Он сражался как дьявол. Стивенс с Баснописцем намеревались накрыть собор со всеми собравшимися лавиной огня; так как их планы были нарушены, пиротехники пытались развернуть пушки и сифоны в направлении атаковавших. Чтобы не дать им выстрелить, повсюду солдаты Виравольты бросались в рукопашную. Греческая смесь направлялась по гибким трубам и извергалась с помощью механизма, напоминающего нагнетательный насос; она загоралась у трубных отверстий, к которым подносили упаковки пакли, пропитанной воспламеняющейся жидкостью Со всех сторон ярко блестели попавшие в огонь алебарды клинки и стрелы. К небу поднимались клубы дыма, придавая этой битве вид сражения под предводительством какого-то демона, поднявшегося из преисподней. Посреди взрывов серы, пороха и селитры иногда взлетали на воздух и сами бойцы. Как переспевшие фрукты, лопались бочки.

Пьетро, сброшенный с лошади на землю, изо всех сил ударил по одной из бочек, так что она завертелась.

Чуть дальше собирались выстрелить из сифона, все еще нацеленного на собор.

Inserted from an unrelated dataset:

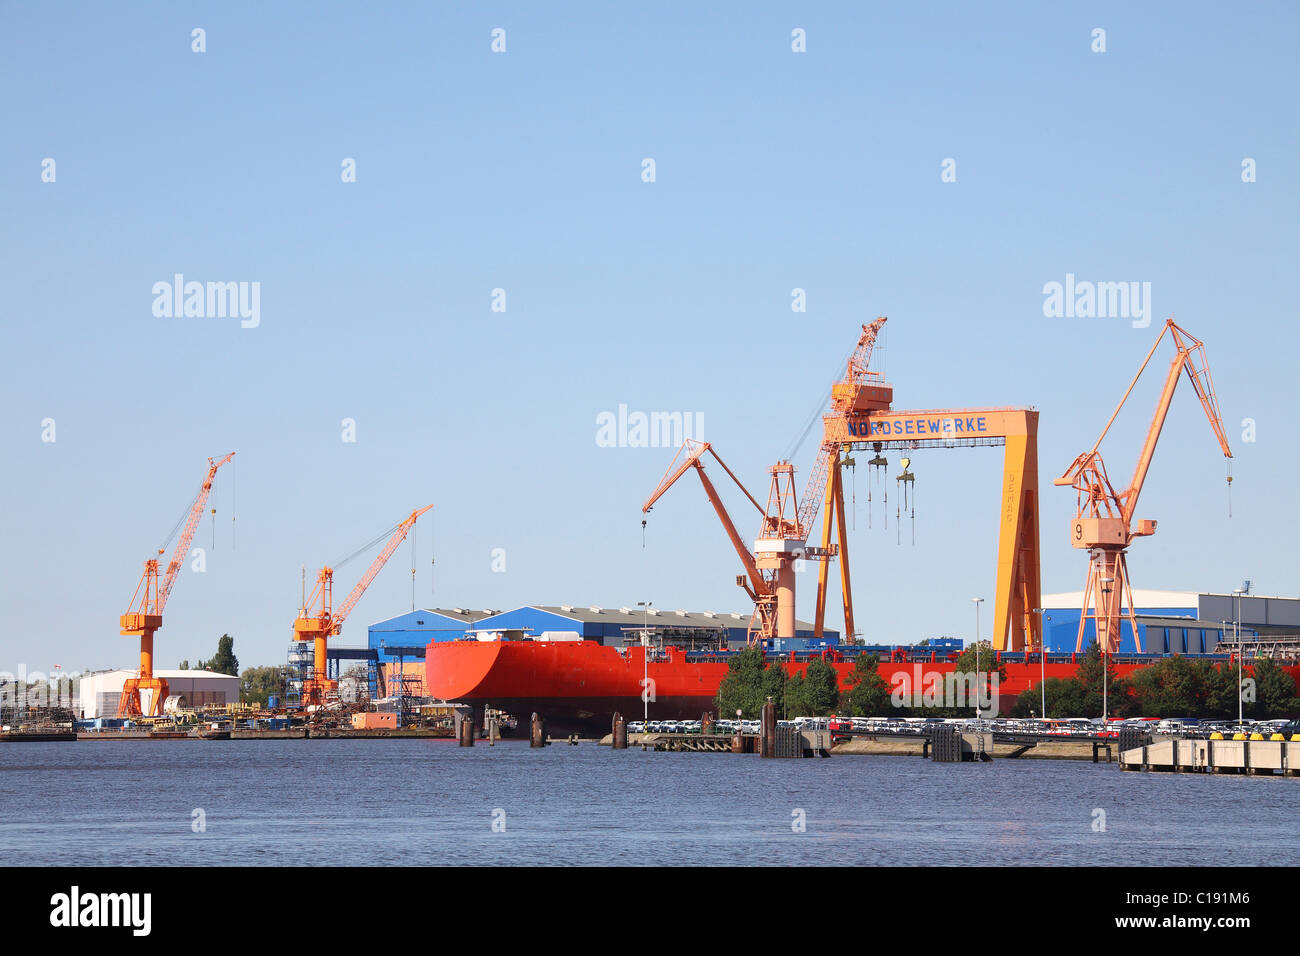 Nordseewerke, North Sea Works, dockyard, Emden Harbour, Lower Saxony, Germany, Europe Stock Photo

В ярости Баснописец рявкнул нечеловеческим голосом:

– Стреляйте! Вы что, оглохли? Стреляйте!

Пьетро хватило трех ударов шпаги, чтобы уложить всех троих пиротехников. Но паклю уже подносили другие. Пьетро не успел помешать им, и он во всю мощь ударил ногой по стволу с огнедышащим дулом. Выбитый из пазов, ствол в считанные доли секунды взметнулся вверх, заняв почти вертикальное положение, так что огненная смесь изверглась… в небо над головами сражающихся.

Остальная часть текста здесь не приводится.